HAMILTON, BERMUDA--(Marketwired - May 14, 2015) - Teekay Offshore Partners L.P (TOO)

Highlights

  • Generated distributable cash flow of $60.6 million in the first quarter of 2015, an increase of 19 percent from the first quarter of 2014.

  • Declared first quarter 2015 cash distribution of $0.5384 per common unit.

  • Knarr FPSO unit achieved first oil in mid-March 2015 and commenced its charter contract at partial rate; the acquisition of the Knarr FPSO from Teekay Corporation is expected to be completed in the second quarter of 2015.

  • The Partnership's first Unit for Maintenance and Safety (UMS), the Arendal Spirit, was delivered in February 2015 and is expected to commence its three-year charter contract with Petrobras in June 2015.

  • Completed the acquisition of the first four of the six on-the-water long-distance towing and offshore installation vessels.

  • Liquidity of approximately $400 million as at March 31, 2015, giving pro-forma effect to the approximately $121 million of net proceeds from the Partnership's preferred unit public offering completed in April 2015.

Teekay Offshore GP LLC, the general partner of Teekay Offshore Partners L.P. (Teekay Offshore or the Partnership) (TOO), today reported the Partnership's results for the quarter ended March 31, 2015. During the first quarter of 2015, the Partnership generated distributable cash flow(1) of $60.6 million, compared to $51.1 million in the same period of the prior year. The increase in distributable cash flow was primarily due to the acquisition of three long-distance towing and offshore installation vessels during the first quarter of 2015, the delivery of the Suksan Salamander floating storage and offtake (FSO) unit in August 2014, an increase in the charter rate on the Cidade de Rio das Ostras floating production, storage and offloading (FPSO) unit, and a decrease in operating expenses.

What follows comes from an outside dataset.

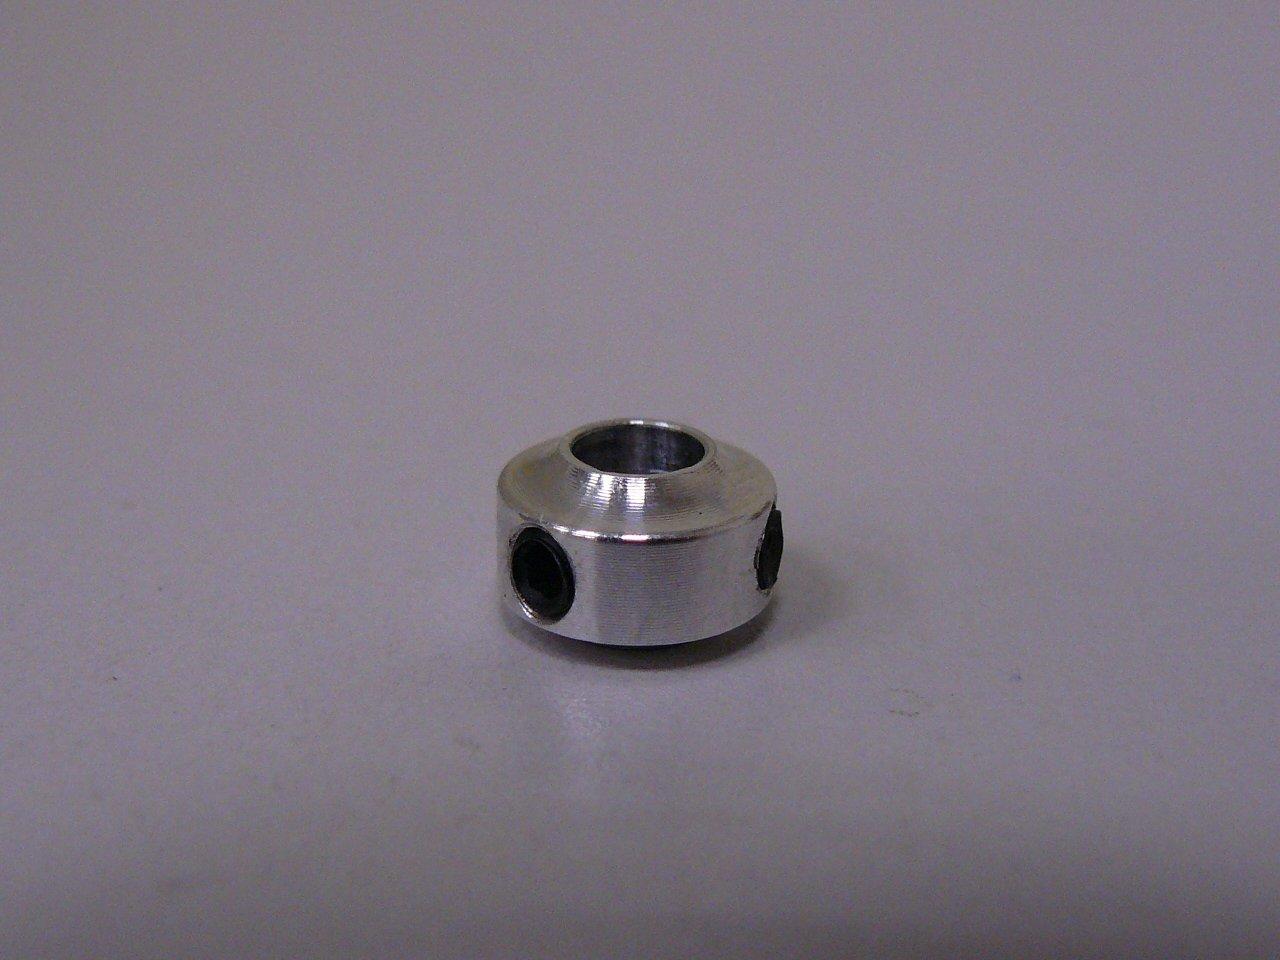 EF-7004 Skytec universal set collar for 4mm outer shafts

These increases were partially offset by lower shuttle tanker revenues resulting from the sale of the Navion Norvegia in October 2014 to the Partnership's 50 percent-owned joint venture company, which is currently being converted into an FPSO unit, and the sale of the 1997-built Navion Svenita in March 2015.

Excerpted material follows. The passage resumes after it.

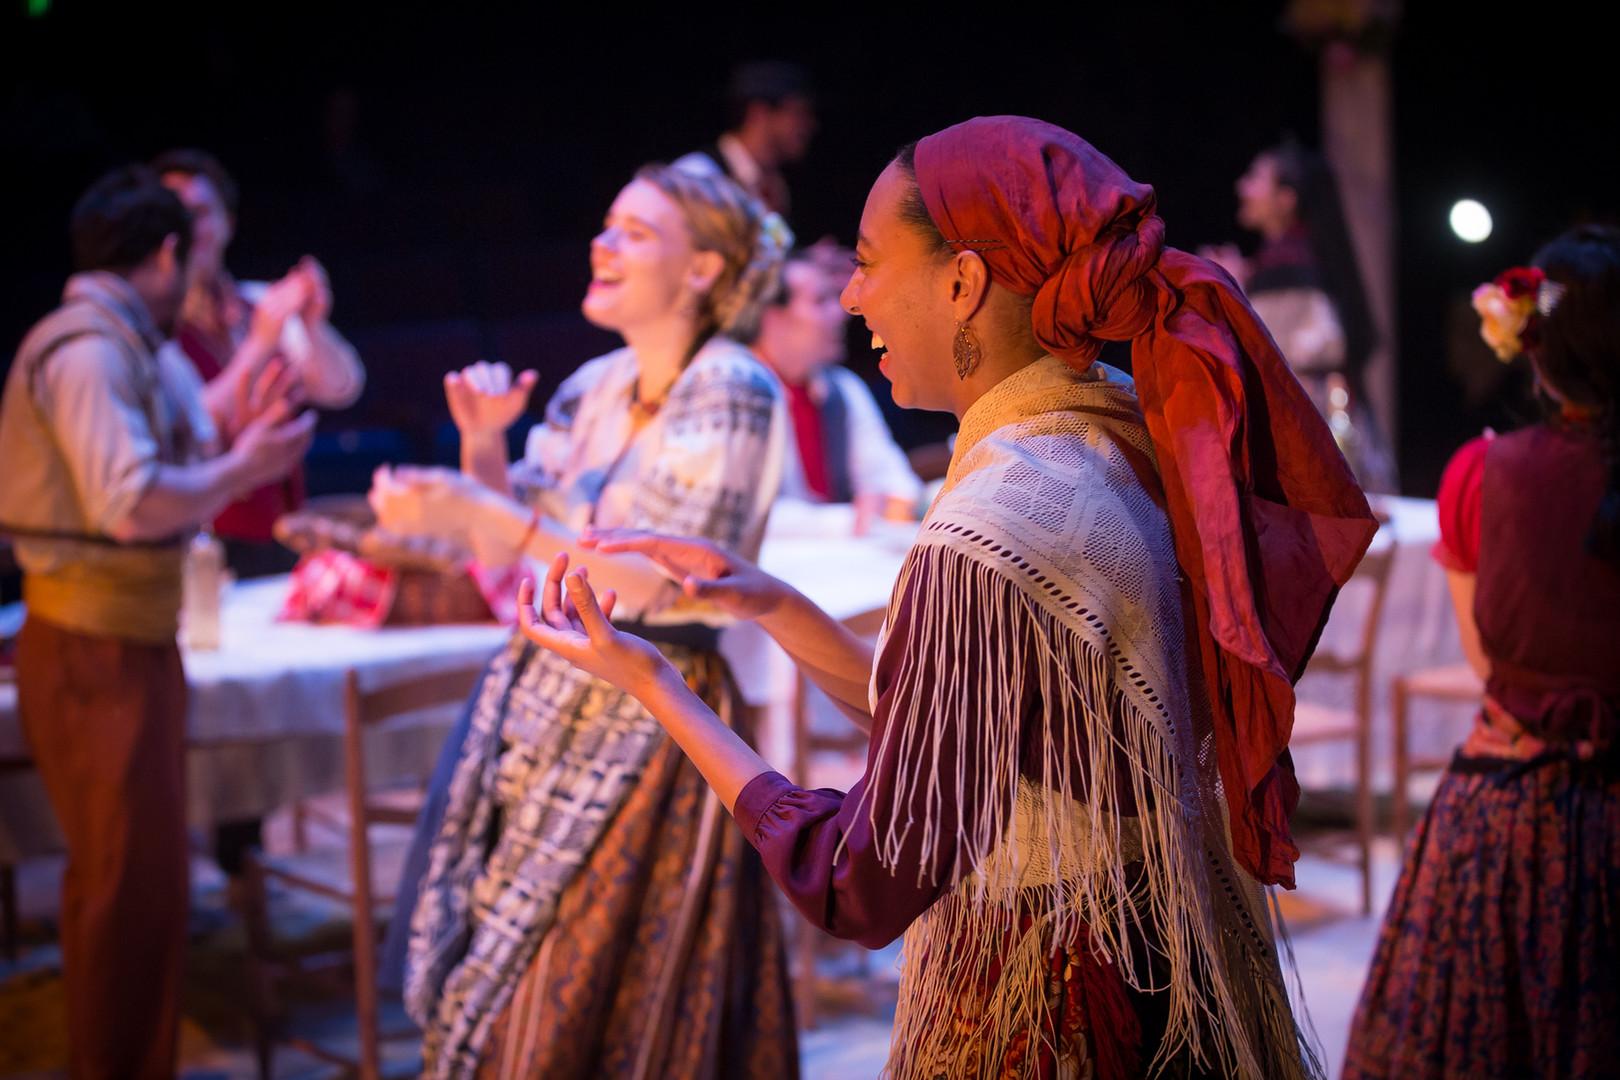 Blood Wedding by Federico Garcia Lorca Directed by Matt Dickson Rutgers Theatre Company

On April 2, 2015, a cash distribution of $0.5384 per common unit was declared for the quarter ended March 31, 2015. The cash distribution will be paid on May 15, 2015 to all unitholders of record on April 13, 2015.

"The Partnership's strong first quarter cash flows and distribution coverage were largely due to higher utilization in our shuttle tanker fleet and lower operating expenses across the fleet, supported by our diversified portfolio of fixed-rate contracts," commented Peter Evensen, Teekay Offshore GP LLC's Chief Executive Officer.